Commercial application:

What is the permitted distance that a ceiling fan may be installed from a sprinkler head?

Ceiling height is ≈ 9ft, grid ceiling.

Western NJ


----------



## Big Mac (Apr 4, 2012)

I don't believe that ceiling fans are specificaaly addressed.  However they cannot be permitted to interfere with the spray pattern from the sprinkler head.  So not only is the distance away an issue but also the distance that it hangs down from the ceiling.  The sprinkler designer should be able to answer question as to what would create interference with the required spray pattern.


----------



## Coug Dad (Apr 4, 2012)

Welcome to the board.  The answer to that which you ask is in NFPA 13 Section 8.6.5.2.10 (2010).  Ceiling fans are specifically addressed in NFPA 13.


----------



## north star (Apr 4, 2012)

*& + >*

*scootk58,*

*Welcome to The Building Codes Forum!....How did you find this Forum?*

*Big Mac is correct!.....The sprinkler discharge pattern cannot be*

*impeded......In the NFPA 13, [ `12 Edition ] Section 8.5.5.2 refers to*

*the requirements regarding **"Obstructions to Sprinkler Discharge Pattern*

*Development"** - must comply with the positioning requirements of Section*

*8.6 thru 8.12.*

*Coug Dad is also correct with his referenced NFPA section......The*

*ceiling fan [ itself ] must be less than 60" and have 50% open plan view*

*[  i.e. - not a lot of ceiling fan blade area ].*

*< + &*


----------



## cda (Apr 4, 2012)

this section only applies to standard sprinklers: pendant and upright

8.6.5.2.1.10*   Sprinklers shall be permitted to be placed without regard to the blades of ceiling fans less than 60 in. (1.5 m) in diameter, provided the plan view of the fan is at least 50 percent open.

A.8.6.5.2.1.10 The housing unit of the ceiling fan is expected to be addressed by the Three Times Rule.


----------



## Big Mac (Apr 4, 2012)

Sorry guys, I should have been more on top of it.  I didn't remember ceiling fans being specifically addressed.


----------



## cda (Apr 4, 2012)

Big Mac said:
			
		

> Sorry guys, I should have been more on top of it.  I didn't remember ceiling fans being specifically addressed.


I thought they were only in 13d for some reason

to many rules!!!!!!!!!!!!


----------



## AegisFPE (Apr 5, 2012)

Here's a link to a NFPA report on HVLS (high volume low speed) fans, such as found in warehouse spaces, and their impact on sprinkler systems.


----------



## FM William Burns (Apr 5, 2012)

Ok I don't mind naming Big *** Fans    We delt with them in a few facilities.

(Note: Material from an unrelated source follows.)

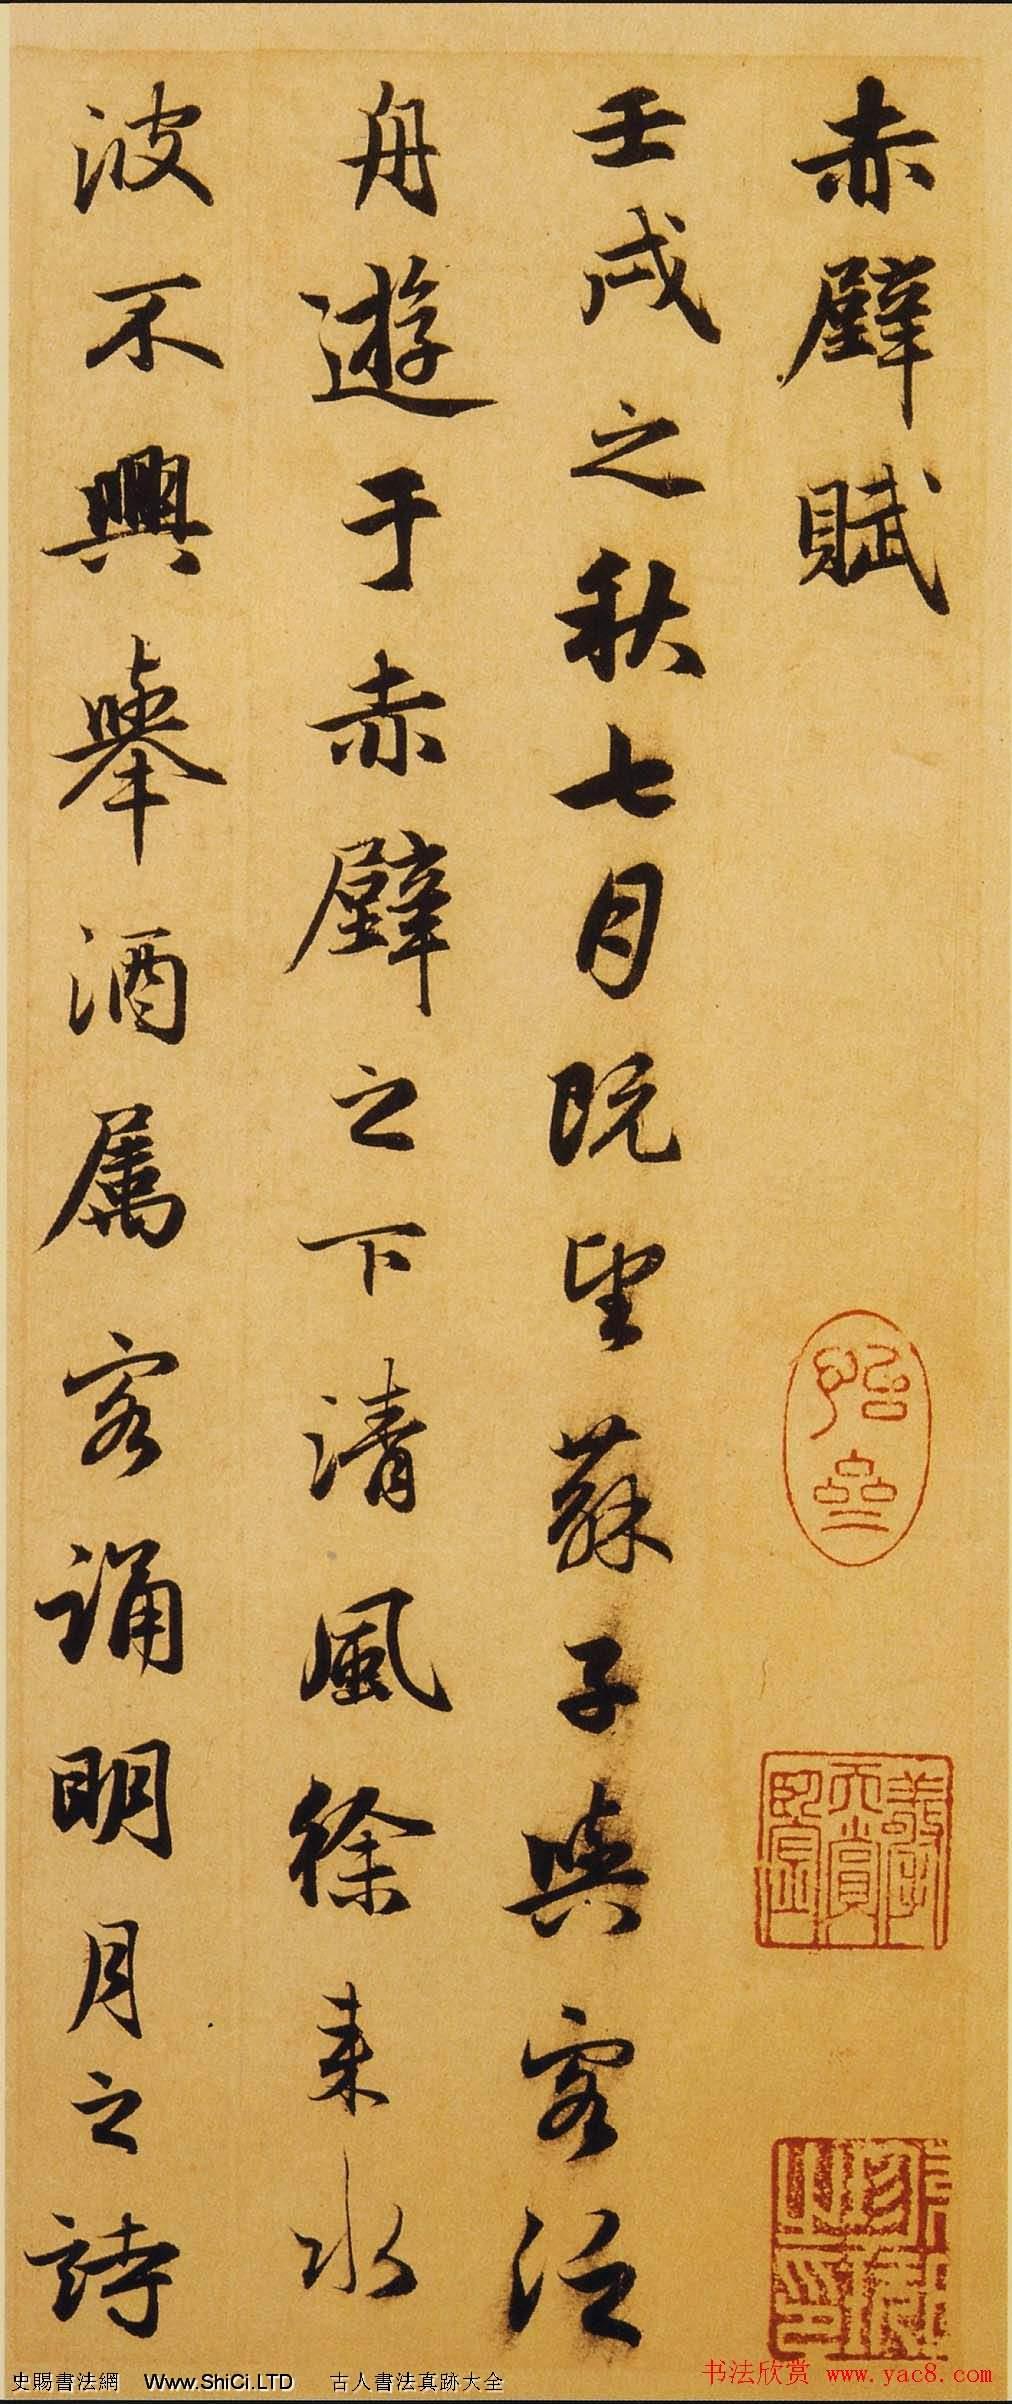 趙孟頫行書真跡欣賞《赤壁二賦帖》高清版(共30張圖片)

Since the standard was pretty vague regarding the obstruction potentials for helicopter blades we permitted an alternative design option where any activation of a waterflow device within a coverage area zone housing these fans requires all fans in the area to shut down. The manufacturer has relays and detectors in the fans to achieve this function. I believe we addressed this on the old ICC board but I don't have the desire to search for it at the moment. As tested these fans shut down within 45 seconds. Our fans are installed in Extra Hazard & Ord II areas with ELO heads in 25 foot ceiling areas >3 foot below the deflectors and not ESFR or Rack areas studied in the report.


----------